Enter file in which to save the key (/root/.ssh/id_rsa):
Created directory '/root/.ssh'.
Enter passphrase (empty for no passphrase):
Enter same passphrase again:
Your identification has been saved in /root/.ssh/id_rsa.
Your public key has been saved in /root/.ssh/id_rsa.pub.
The key fingerprint is:
d0:0d:c4:5e:fe:b8:a9:45:75:68:f9:ad:43:03:84:9a [email protected]
2)複製公鑰文件到n2.xh.com
[root@n1 ~]# ssh-copy-id -i .ssh/id_rsa.pub [email protected]
15
Now try logging into the machine, with "ssh '[email protected]'", and check in: .ssh/authorized_keys
to make sure we haven't added extra keys that you weren't expecting.
3)測試複製n1的hosts的文件到n2
[root@n1 ~]# scp /etc/hosts n2.xh.com:/etc/hosts
hosts
4)在n2上面做同樣的配置
[root@n2 ~]# ssh-keygen -t rsa
Generating public/private rsa key pair.
Enter file in which to save the key (/root/.ssh/id_rsa):
Enter passphrase (empty for no passphrase):
Enter same passphrase again:
Your identification has been saved in /root/.ssh/id_rsa.

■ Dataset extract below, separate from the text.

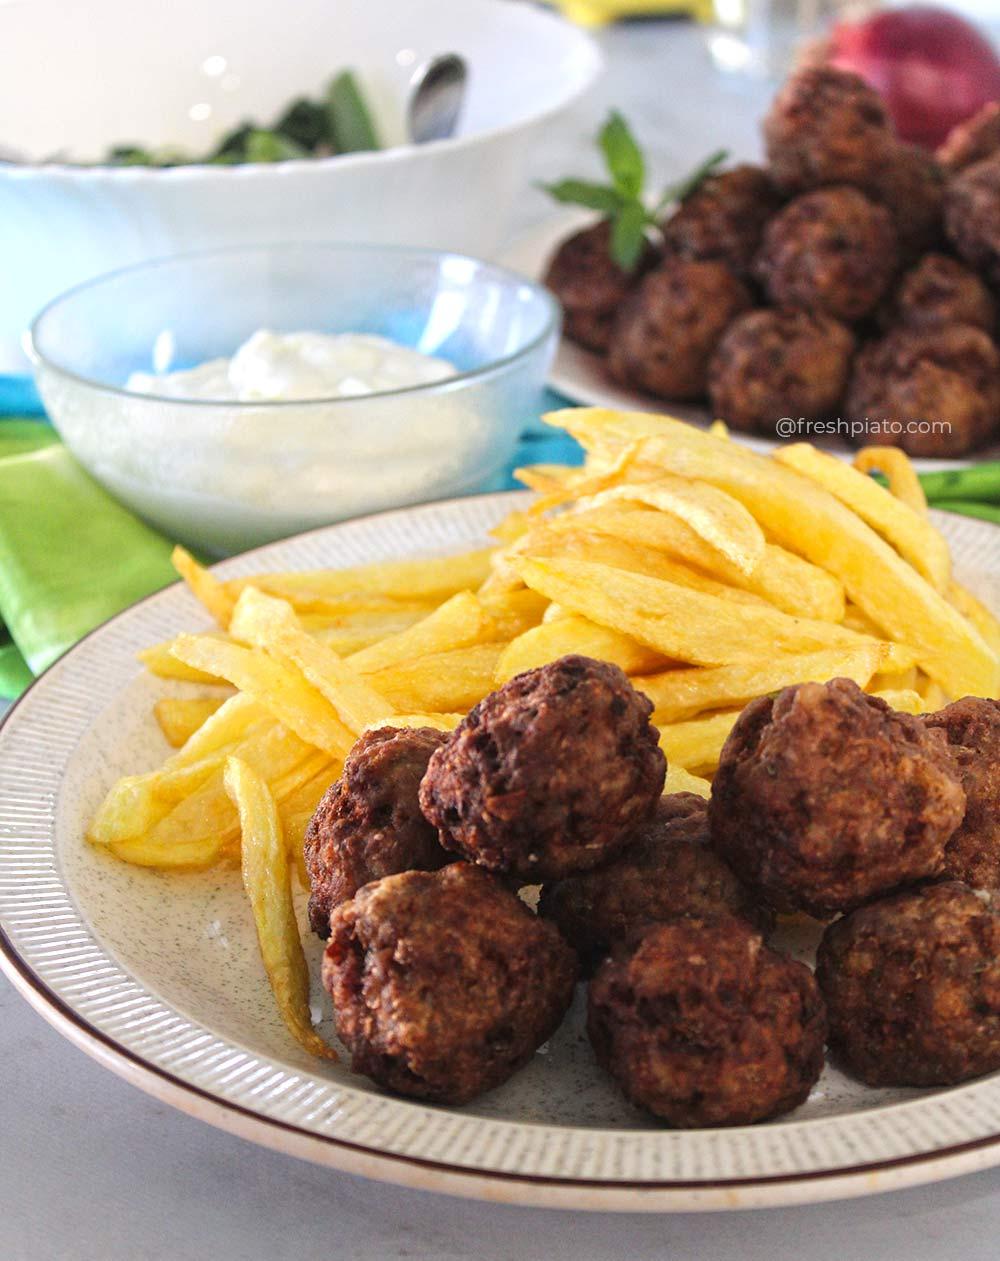 Κεφτεδάκια πατάτες συνταγή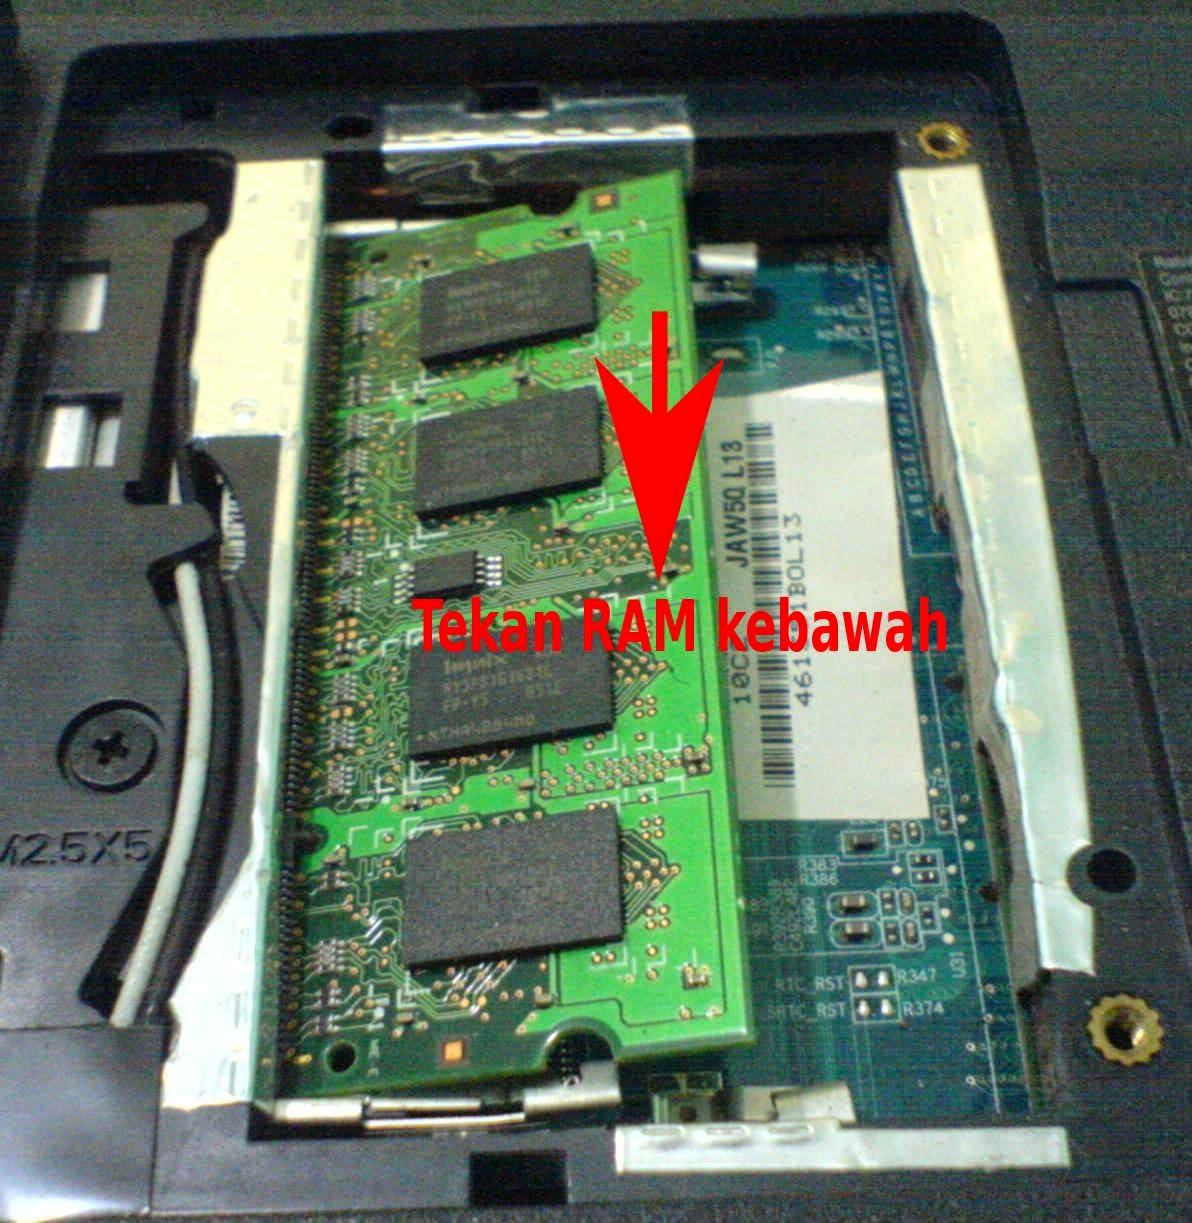 Menambah atau Mengganti RAM Pada Laptop | Semangat Baru ...

Your public key has been saved in /root/.ssh/id_rsa.pub.
The key fingerprint is:
4f:f2:26:4c:b9:14:85:ba:4c:c0:21:2d:a1:d1:a0:b2 [email protected]
[root@n2 ~]# ssh-copy-id -i .ssh/id_rsa.pub [email protected]
15
The authenticity of host 'n1.xh.com (192.168.20.133)' can't be established.
RSA key fingerprint is d5:1f:ad:8b:ce:a3:10:0b:97:47:41:ac:7c:92:6e:29.
Are you sure you want to continue connecting (yes/no)? yes
Warning: Permanently added 'n1.xh.com,192.168.20.133' (RSA) to the list of known hosts.
[email protected]'s password:
Now try logging into the machine, with "ssh '[email protected]'", and check in:
.ssh/authorized_keys
to make sure we haven't added extra keys that you weren't expecting.
在n1上查看n2的ip配置
[root@n1 ~]# ssh n2.xh.com 'ifconfig'
ssh: n2.xifconfig: Temporary failure in name resolution
[root@n1 ~]# ssh n2.xh.com 'ifconfig'
eth0 Link encap:Ethernet HWaddr 00:0C:29:AD:82:2B
inet addr:192.168.20.134 Bcast:192.168.20.143 Mask:255.255.255.240
inet6 addr: fe80::20c:29ff:fead:822b/64 Scope:Link
UP BROADCAST RUNNING MULTICAST MTU:1500 Metric:1
RX packets:2295 errors:0 dropped:0 overruns:0 frame:0
TX packets:1625 errors:0 dropped:0 overruns:0 carrier:0
collisions:0 txqueuelen:1000
RX bytes:216705 (211.6 KiB) TX bytes:209670 (204.7 KiB)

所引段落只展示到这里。